Input data |
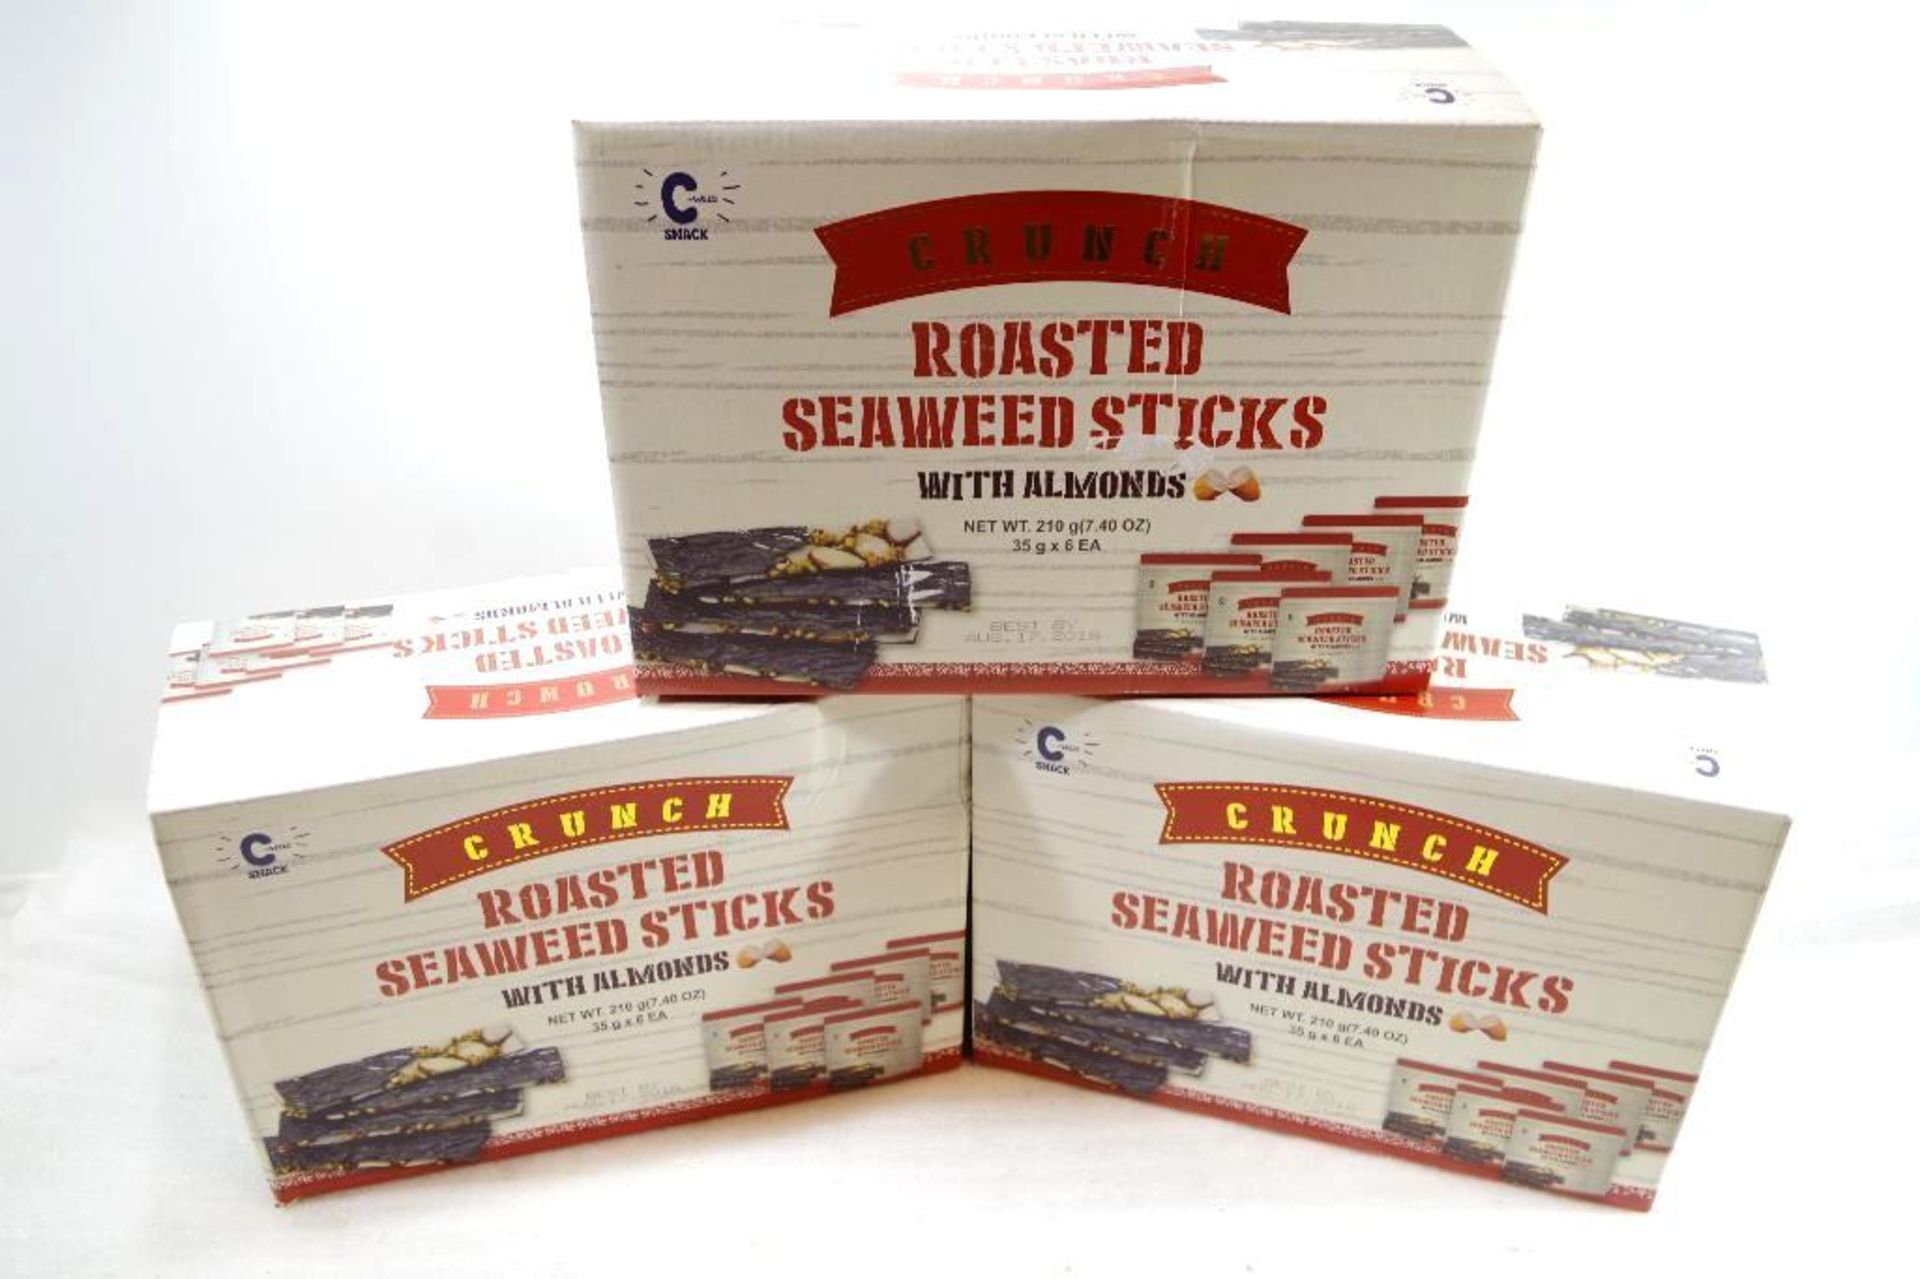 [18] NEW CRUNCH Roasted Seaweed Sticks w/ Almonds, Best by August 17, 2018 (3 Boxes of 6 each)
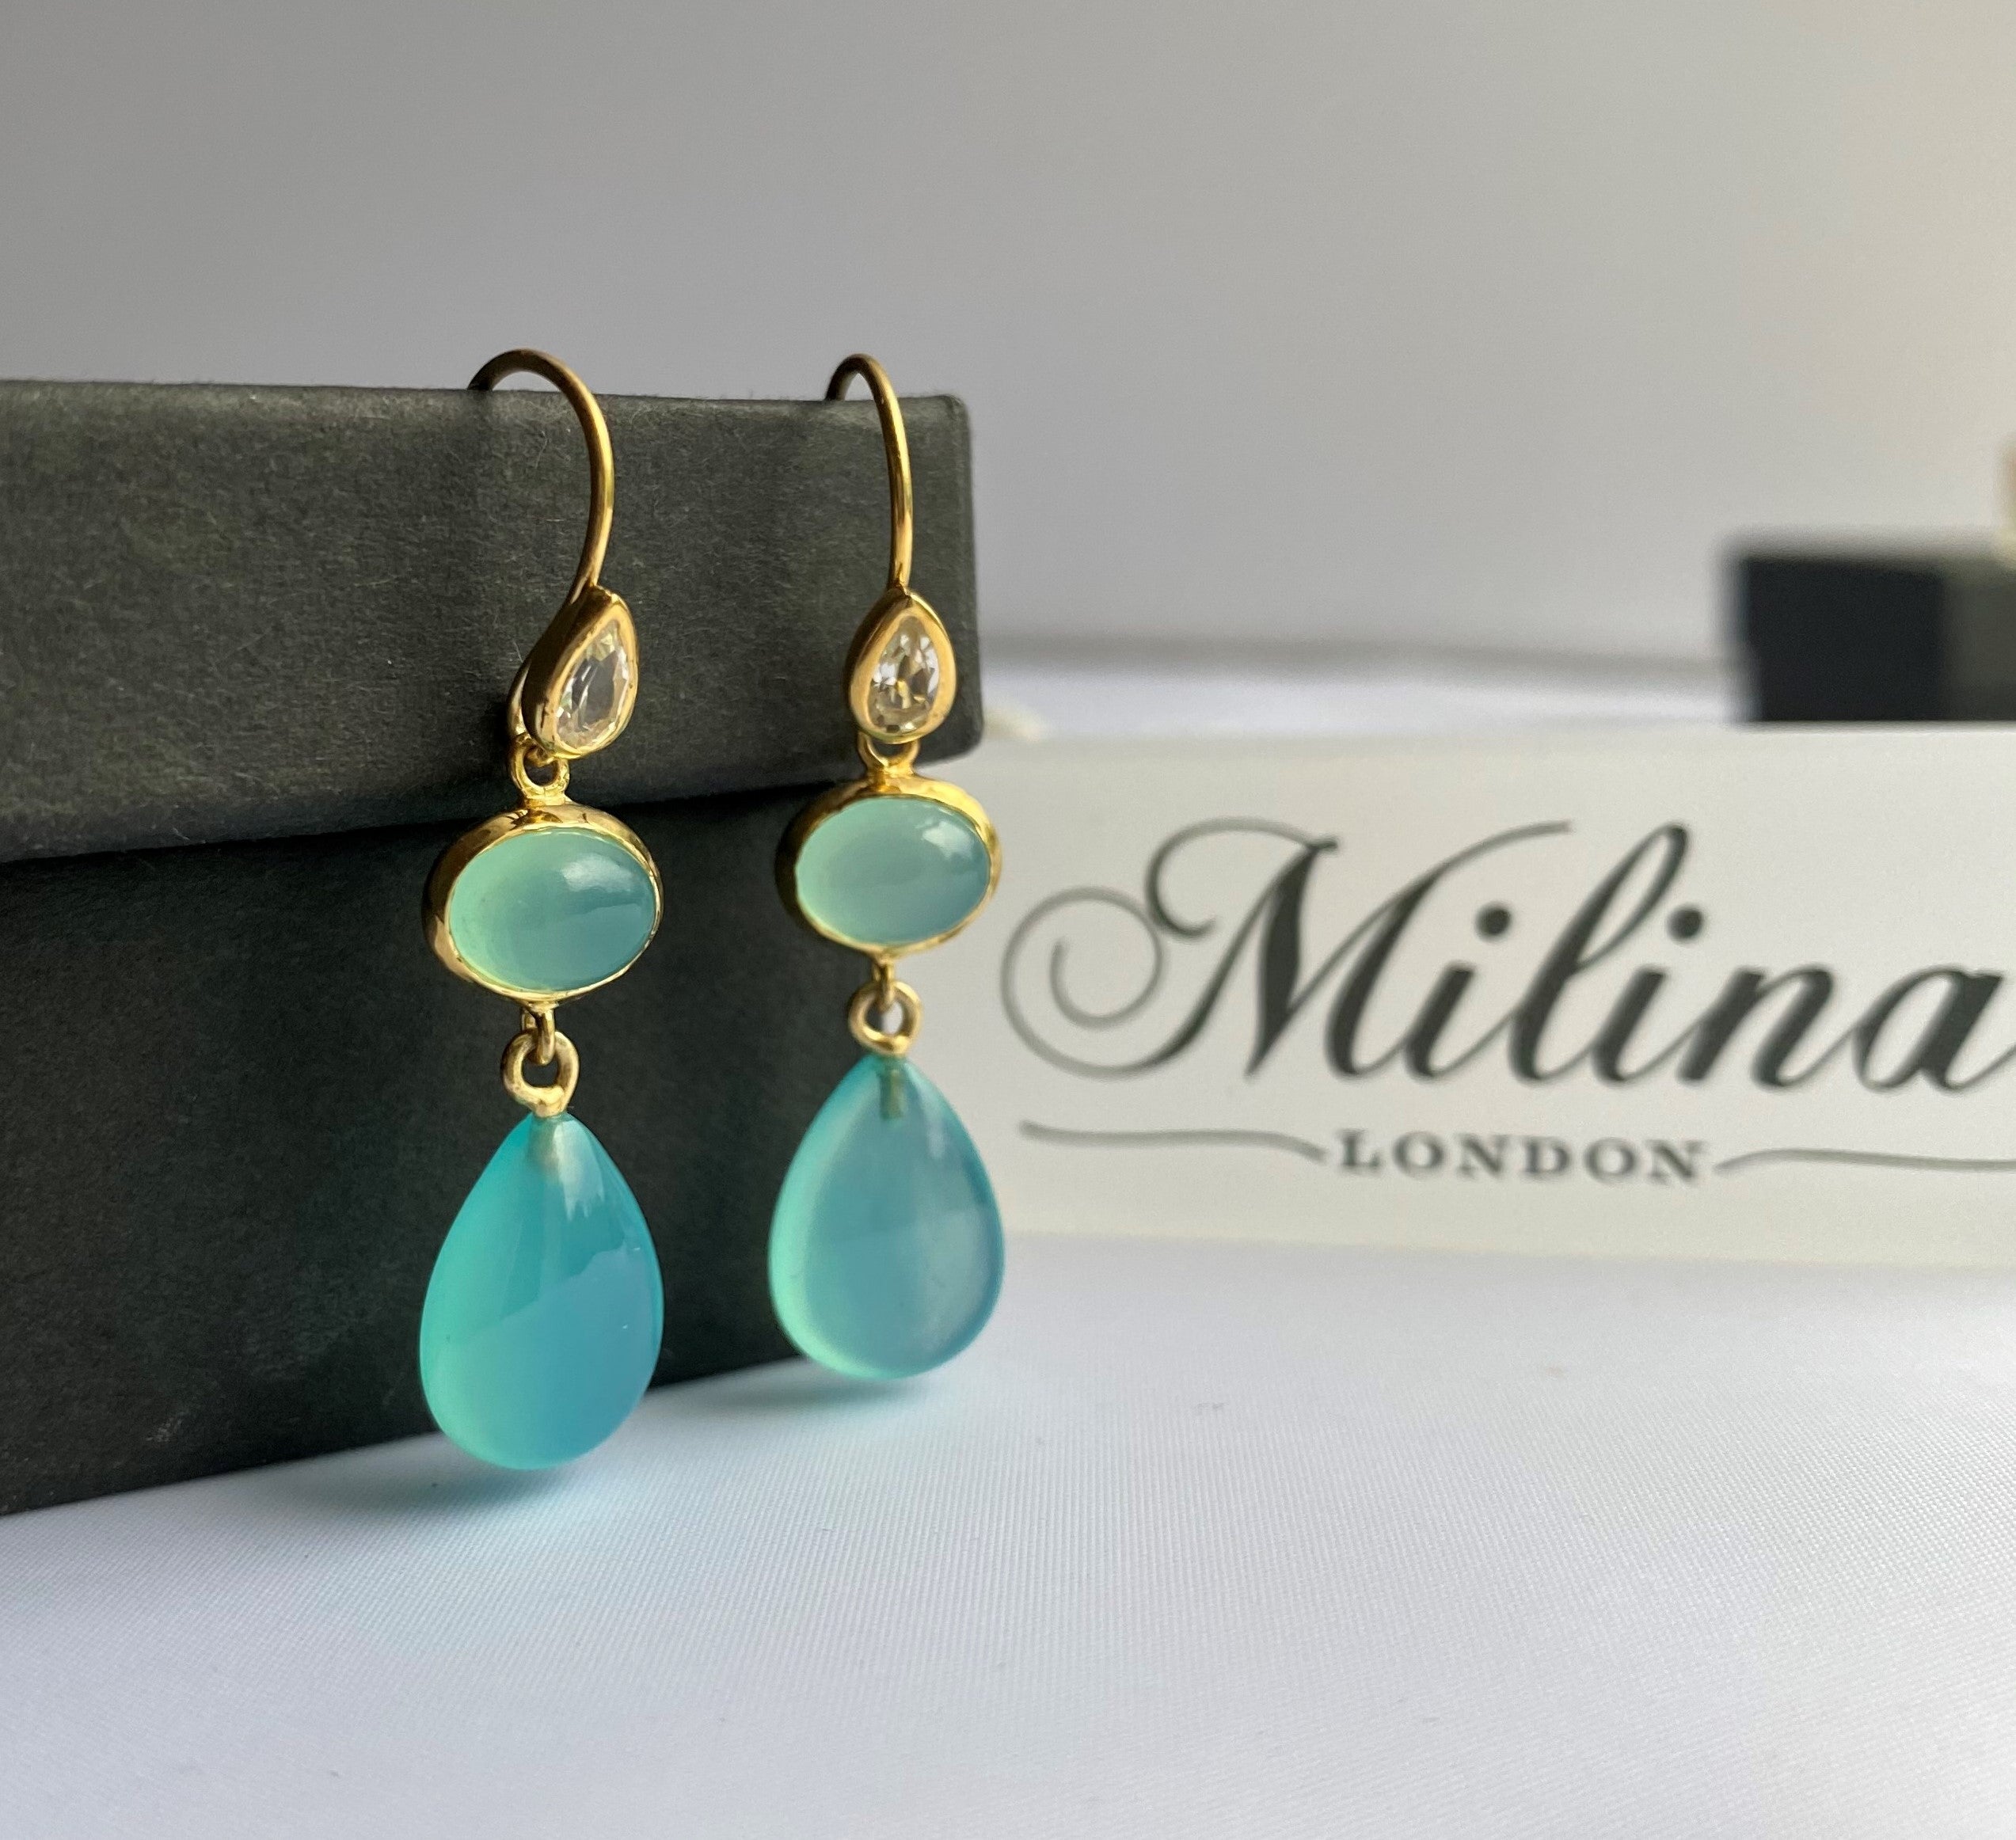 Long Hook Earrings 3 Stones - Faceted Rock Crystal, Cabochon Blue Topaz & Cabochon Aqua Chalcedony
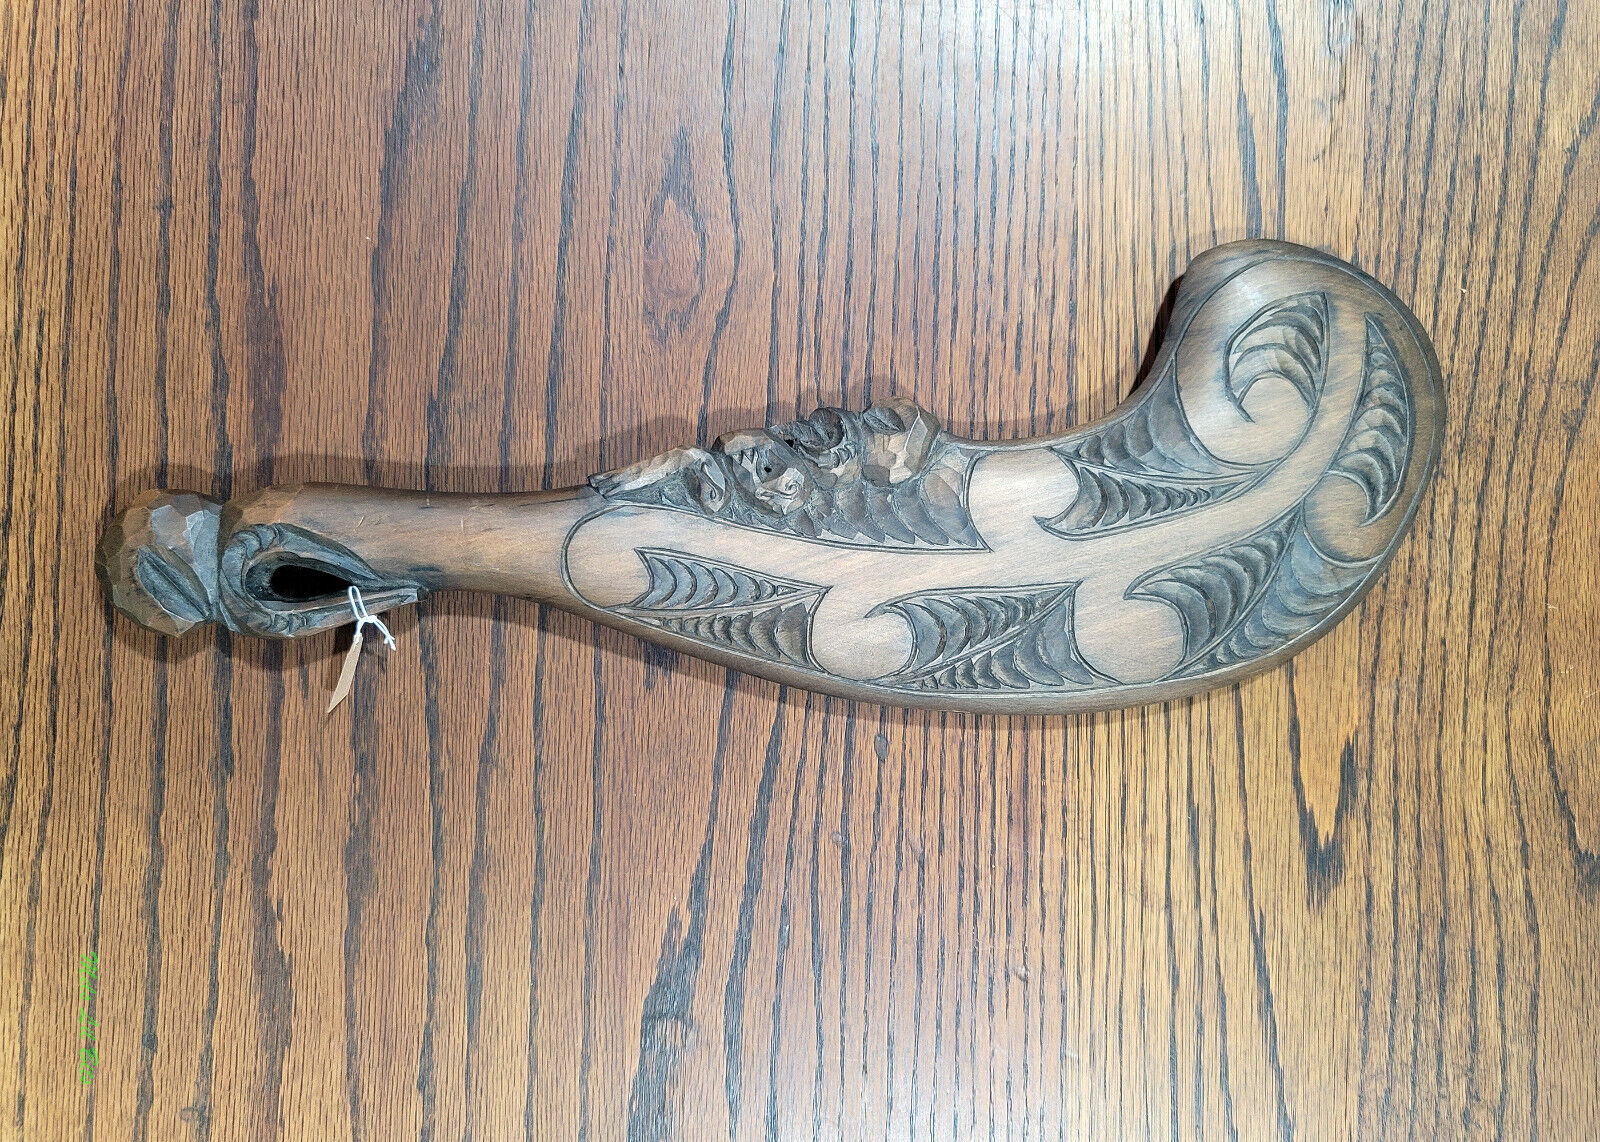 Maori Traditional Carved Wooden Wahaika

Work item |
Please write out exactly the lines from the one holding "Long Hook Earrings" through the last line of the material above, both included, as a copy without pictures.

Exercise answer |
 Long Hook Earrings 3 Stones - Faceted Rock Crystal, Cabochon Blue Topaz & Cabochon Aqua Chalcedony
 Maori Traditional Carved Wooden Wahaika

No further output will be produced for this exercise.